Here is the view from my front window. A March snowstorm and hopefully the last gasp of winter. Right now, the snow is coming down sideways thanks to a 30 MPH wind. Whew.
I have lots to do here in the house and don’t have to be anywhere till Thursday, so it’s all okay.
Yesterday, we had mixed precipitation including rain, hail, graupel, ice, and a tiny bit of snow. Not to mention the snow already on the ground.
The cloud in the photo brought us a cold front.
This morning, we have sun but the yard is soggy with about 5 inches of standing water. Maybe the sun and wind will dry things out, allowing us to prune trees before leaving February behind.
Five years ago, I planted 13 trees not far from the house. Nine are visible in the photo, all getting ready to leaf out. Suckers and lower branches need to be removed before spring. But first, I have to NOT sink to my ankles in the swamp that my yard’s become.

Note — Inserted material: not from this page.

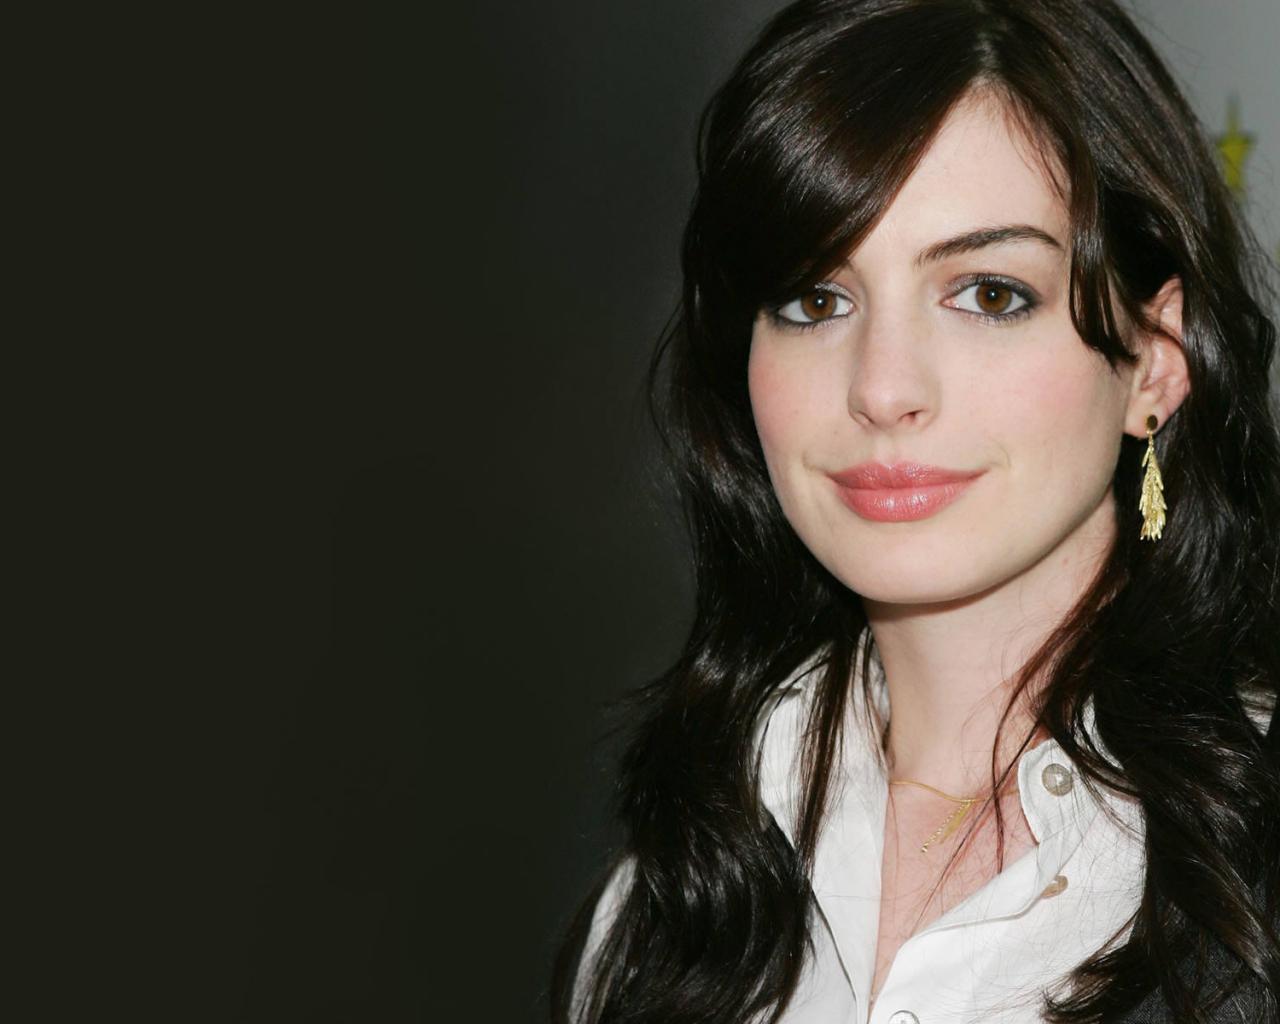 Beautiful Girls Wallpaper Hd Anne Hathaway | Wallpapers Quality

Yes, that’s about three inches of snow. But the frogs keep on dancing anyway. Meanwhile, in the basement, I have 14 pots of leaf lettuce and 12 Ophelia Eggplant seeds germinating.
The snow isn’t finished with us–more coming Tuesday, Wednesday and next Saturday, but spring is so close, I can almost taste it.
The view out our window–about a foot of snow fell yesterday. Today, we’re worried about getting out. How long until the snowplow scrapes that foot of snow off our mile of country (gravel) road? Will our 4-wheel drive get us to the highway?
When is important. Jim has to get to the airport early Tuesday morning, 56 miles away and the only problem may be our mile.
Maybe I should’ve called this blizzard Sunday. Snow is predicted for later today. Last night, the weather said a dusting, with 7 inches up north. This morning, the prediction was upped to 2-3 inches for us, with 14 inches farther north.
No rain or snow yet, but the wind is 20 MPH and my pin oaks are bending ominously.
Another pink sky last night–beauty before the storm.
A dusting of snow. A hard freeze. Fifteen MPH winds. I wonder if any of my perennials and tender shrubs will survive.